Station: [30] Palaeolithic and Mesolithic


The oldest traces of an early human presence in Central Europe and southern Germany date back to more than half a million years ago. At that time, during the Palaeolithic (or Old Stone Age), people hadn’t yet settled down. Instead, they were nomadic hunters and gatherers. However, there are enormous gaps in the archaeological record for the lengthy Ice Age period. Reliable finds from north-eastern Bavaria can only be dated to the last one hundred thousand years. That was when Neanderthals settled in the Middle Franconian basin and adjoining areas. They stayed there until about 40,000 years ago. The surviving sites are almost all located inside caves. From the archaeological finds, we know that these caves were probably only ever used for brief periods of time. There’s no evidence of burials from this period.

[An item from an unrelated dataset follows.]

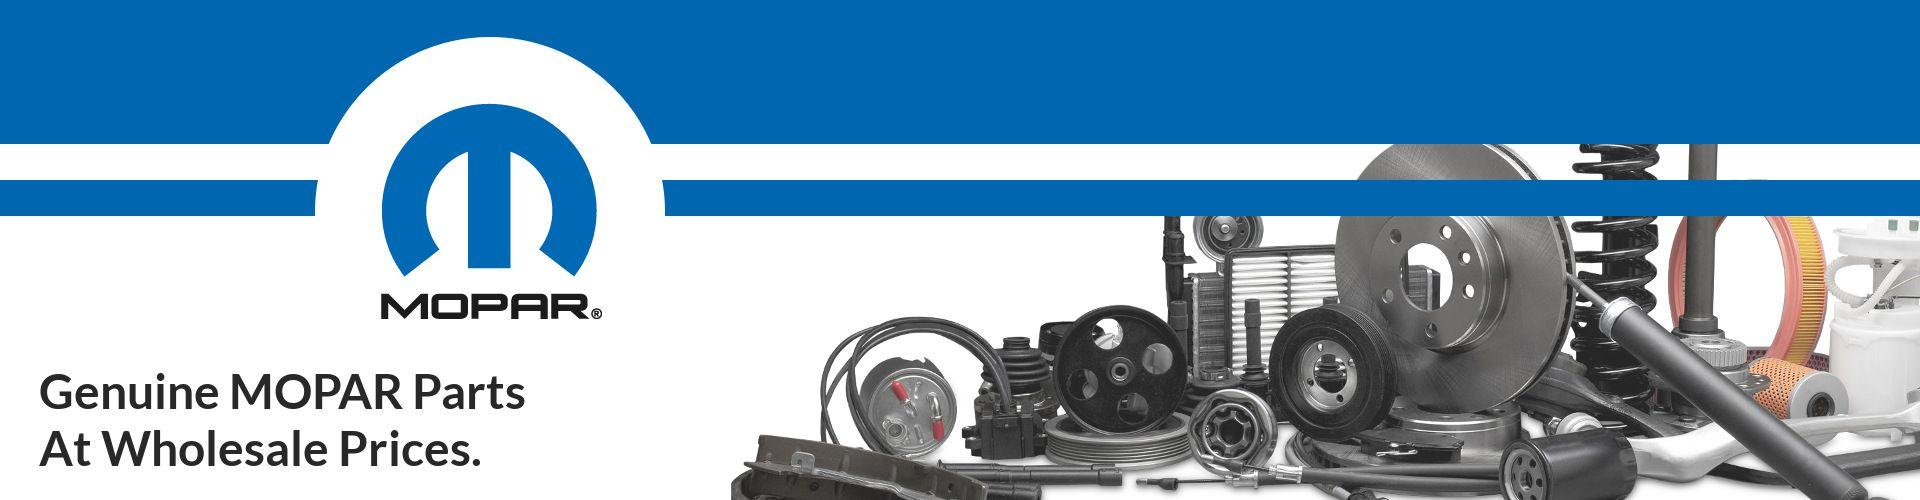 Shop Mopar Parts and Accessories

With the end of the last Ice Age and the beginning of the post-glacial period, the scope of the finds changed significantly. The climate grew warmer, the vegetation adapted, the environment changed. This period, the Mesolithic, lasted from around 9,600 to 5,200 BC. The time of the hunter-gatherers was coming to an end, and the groups roaming the landscape were small. Throughout the Middle Franconian region, increasing numbers of short-term resting places have been identified. People continued to live from hunting and fishing, while also gathering berries, herbs, fungi, nuts and fruit. But in addition, raw materials for stone tools had to be acquired from more distant areas.

Tools were also made, repaired or finished. Only what’s known as microliths have survived – they’re the stone parts inserted into tools and weapons. Organic materials such as fishing rods, bows, nets, bark containers, wooden bowls or baskets have not survived the millennia. And pottery was not yet known. Burials from the Bavarian Mesolithic are also virtually unknown.